Position: Constitutional clarification DN



[ad_1]

The Supreme Court recently concluded its consideration of the important plenary case on the granting of permits in the 23rd licensing round and Section 112 of the Constitution, and we are now awaiting a ruling. In her DN column on Saturday, Anine Kierulf, under the heading “Constitutional Climate,” goes against my procedure in the case, in a way that requires some clarification.

The central question in the case is the interpretation of § 112 and what barriers it can establish for the Storting and the government. It is an unclear and controversial issue, of great legal and political importance. In this case, § 112 is declared against a decision in oil policy. But depending on how it is interpreted, it can also have importance in other areas of society.

Recently, our office has found § 112 complaints in lawsuits related to the construction of wind power and the killing of wolves, and has also been involved in other cases, in areas as diverse as salmon farming, snowmobiling and new tracks.
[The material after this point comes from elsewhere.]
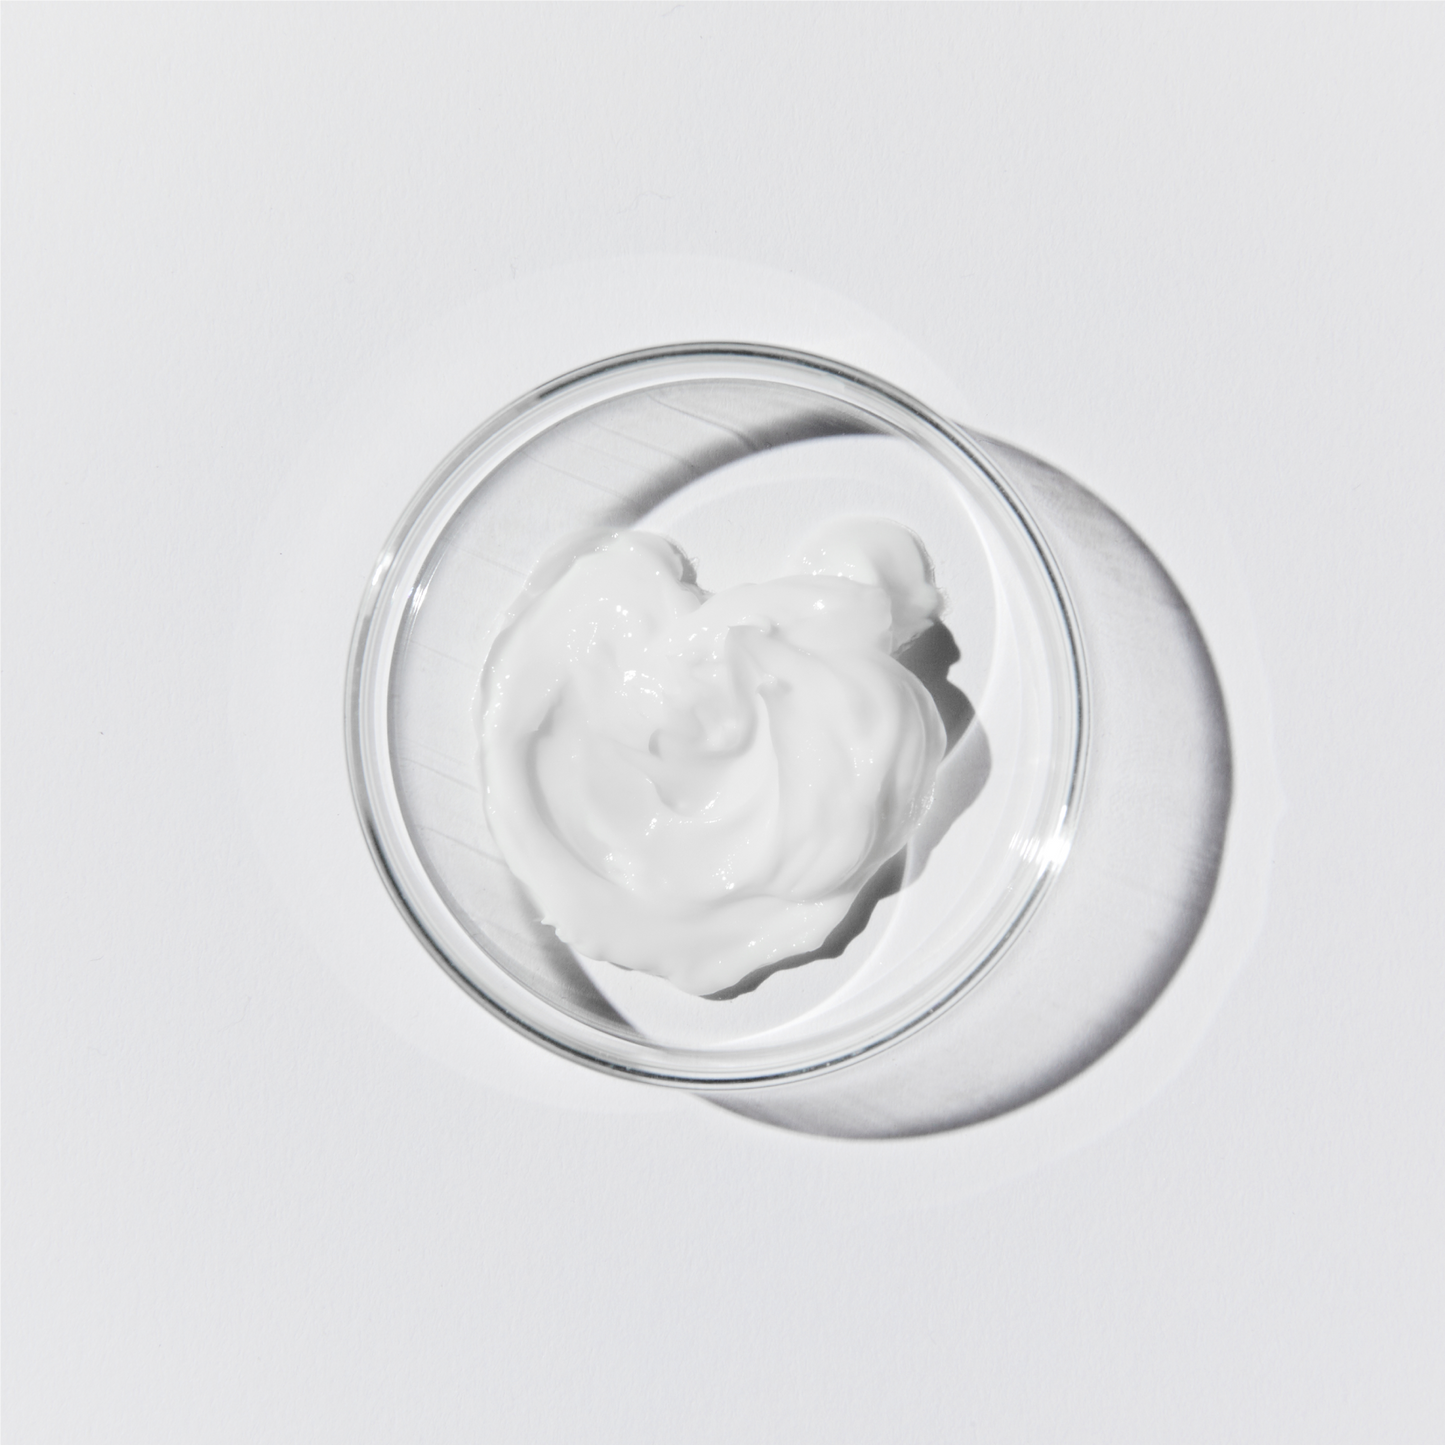 Aerial shot of the calm cream. Its an opaque, white liquid in a petri dish against a white background.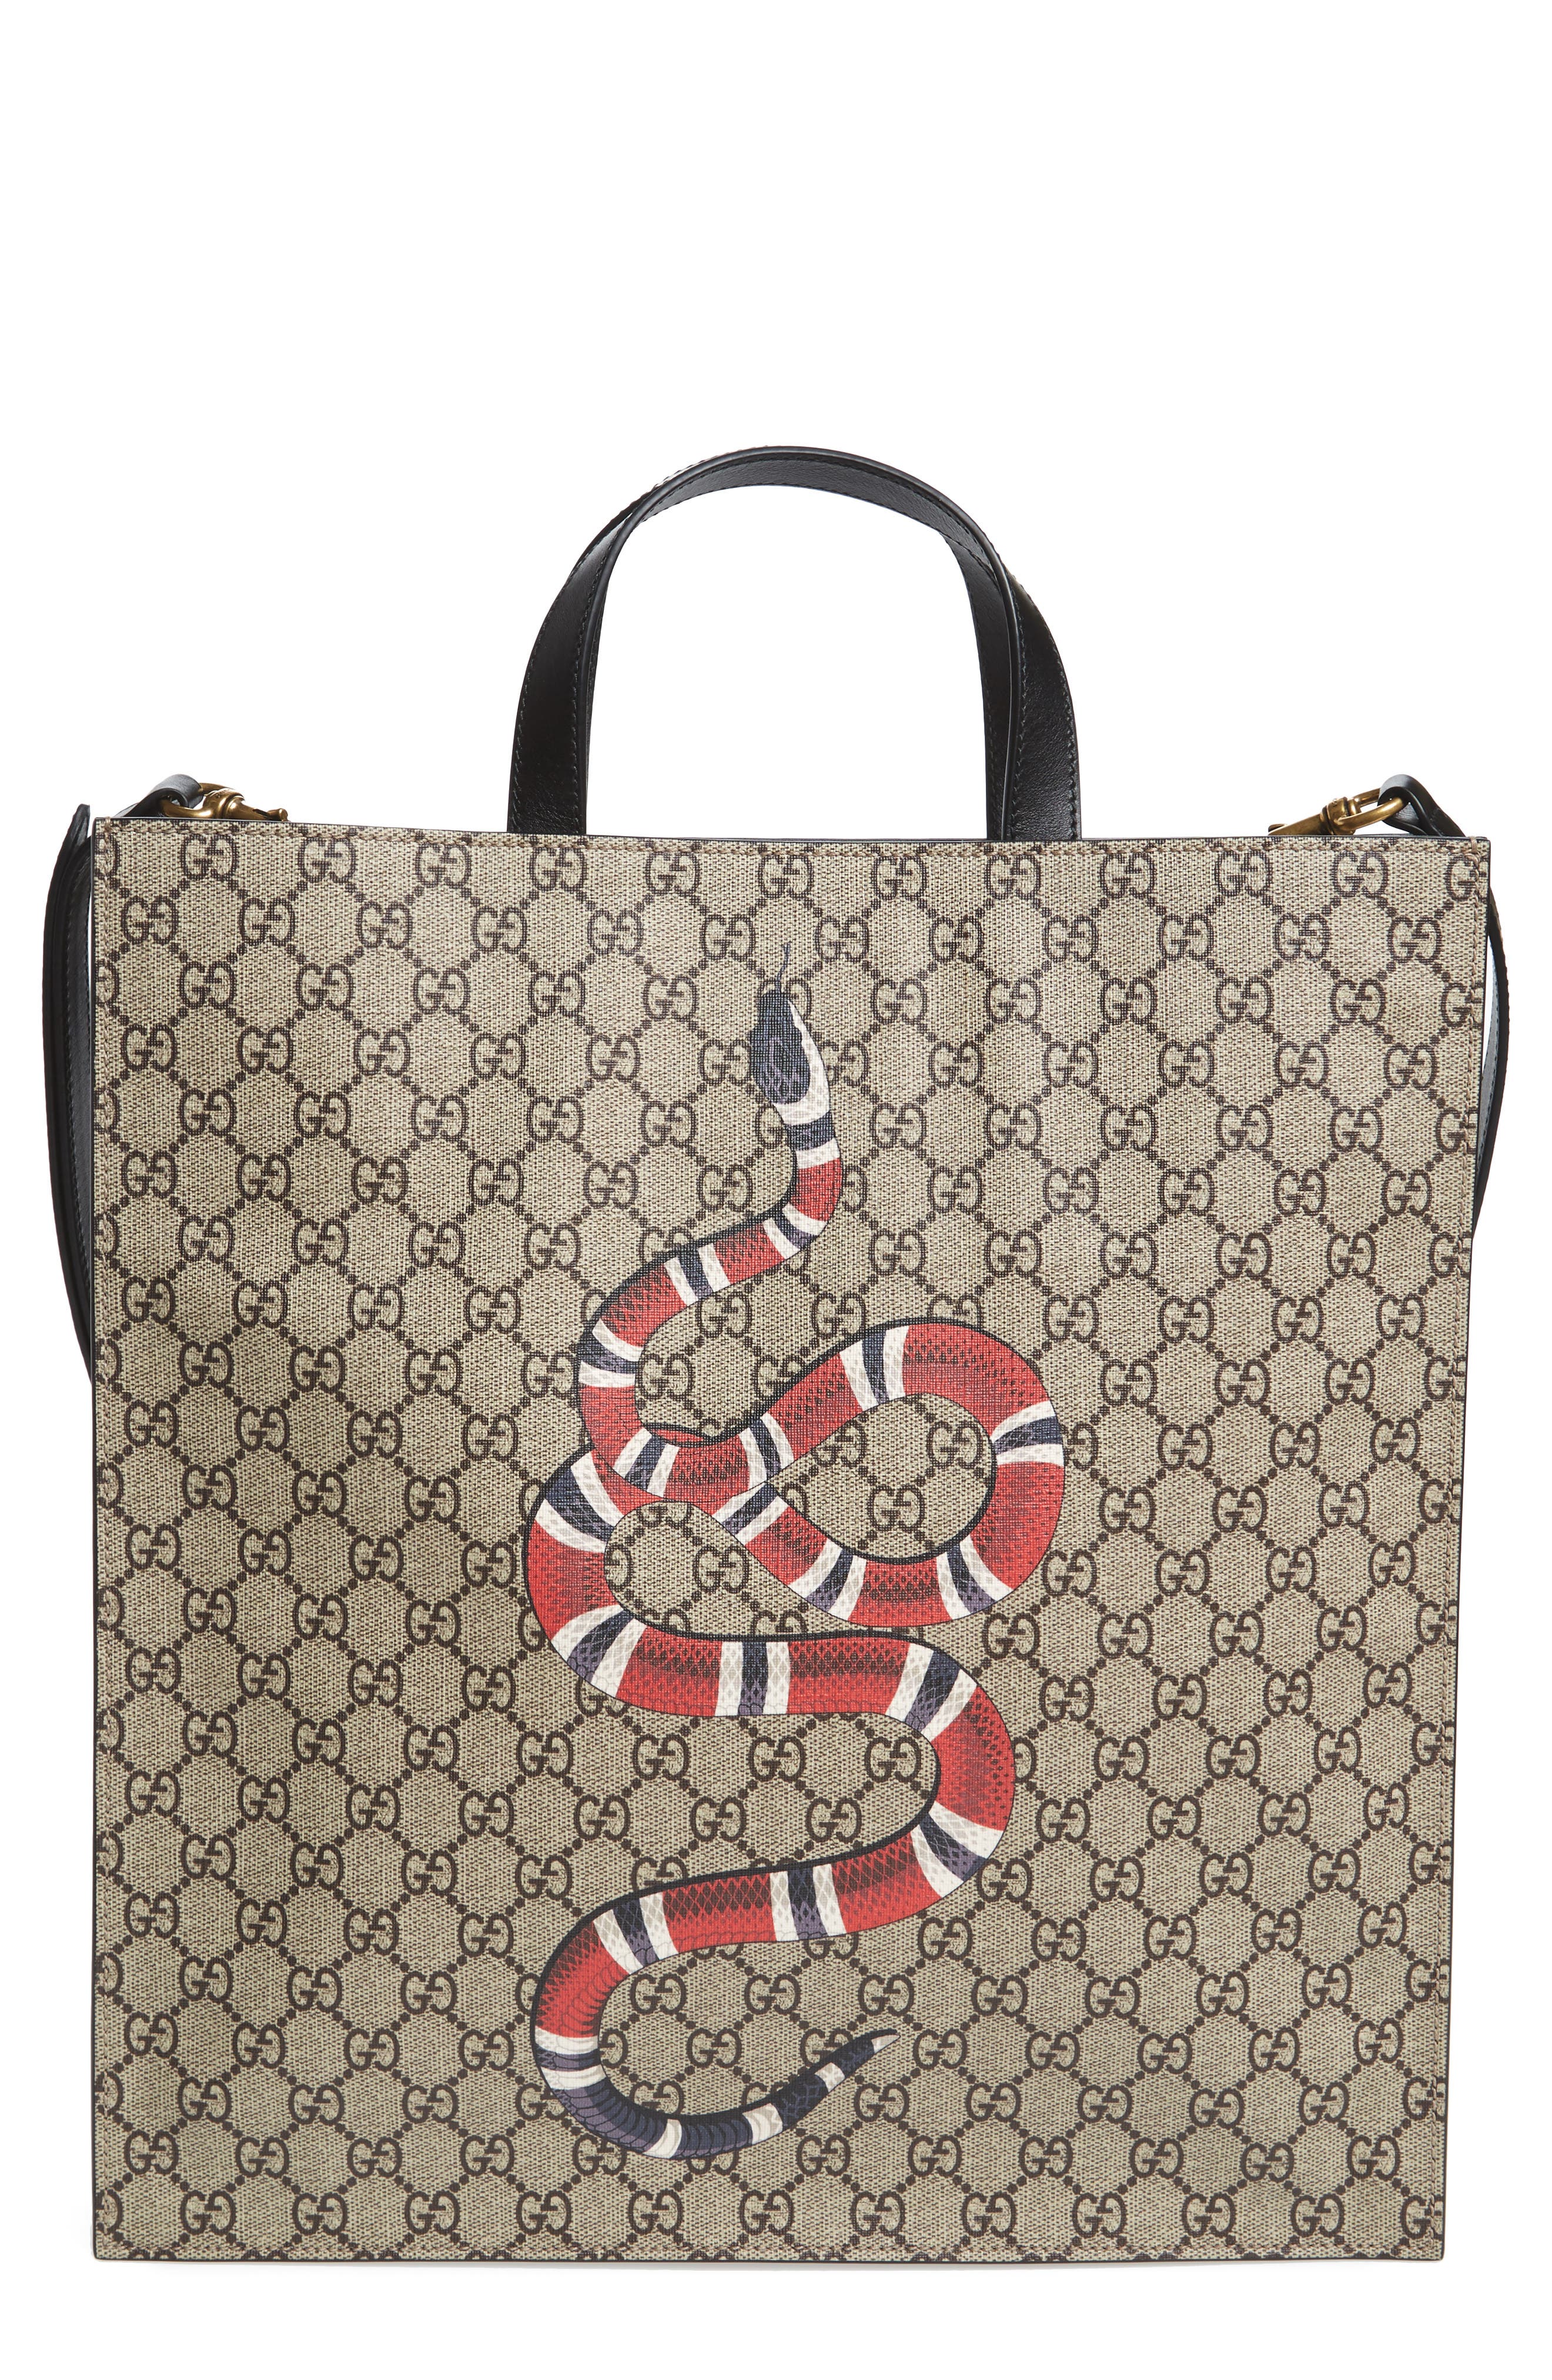 gucci snake bag price

The interpretation of § 112 is not obvious, and in the five years that the trial has run, there are naturally many who have had opinions on it. Kierulf himself has previously written about the paragraph, with clear views on how it should be understood. On behalf of the state, I have defended a different legal point of view through three instances. The process in the case has been completed and it will not be correct for you to continue it here.

Given that the case raises unresolved constitutional issues of great importance, the Supreme Court chose to deal with it in plenary, during a seven-day hearing, which is completely extraordinary. This is the most comprehensive treatment that the Norwegian legal system can give to a case. Now it has been taken to court. After five years of disagreement, the time has come for authoritative clarification from the Supreme Court.

The core of Kierulf’s criticism is that I asked the Supreme Court what the Storting’s intention was when it revised § 112 in 2014. But it is a legitimate and legally relevant question. We agree that the will of the Constituent Assembly is important for interpretation. The challenge in this case is that it is not clear what it was, because there was very little debate on this particular paragraph. This was clarified by reviewing the written sources that exist.

So it is up to the Supreme Court to assess what weight it should have.

Kierulf is also critical of the way the case was processed and reproduces me in a way that I don’t recognize myself, with characteristics that I wouldn’t use on an opponent. As I experienced the seven days in the Supreme Court, it was a good process, where both parties worked hard to bring all parties to light, in an objective and comprehensive manner, which hopefully has given the fifteen justices a good basis for making decisions. There was commitment, and at times rhetoric, on both sides. But he is not abnormal at the counter, as Kierulf himself knows from his time as a lawyer.

The plenary case was broadcast directly from the Supreme Court, and the recordings are still available abroad, including on the Rett24 website. This means that anyone who is curious about how the case was carried out can actually walk in and see for themselves, if not at all, the selected parts.

And then we can wait together in suspending the verdict.(Terms)Copyright Dagens Næringsliv AS and / or our suppliers. We would like you to share our cases via a link, which leads directly to our pages. Copying or other use of all or part of the content may only be done with written permission or as permitted by law. For more terms, see here.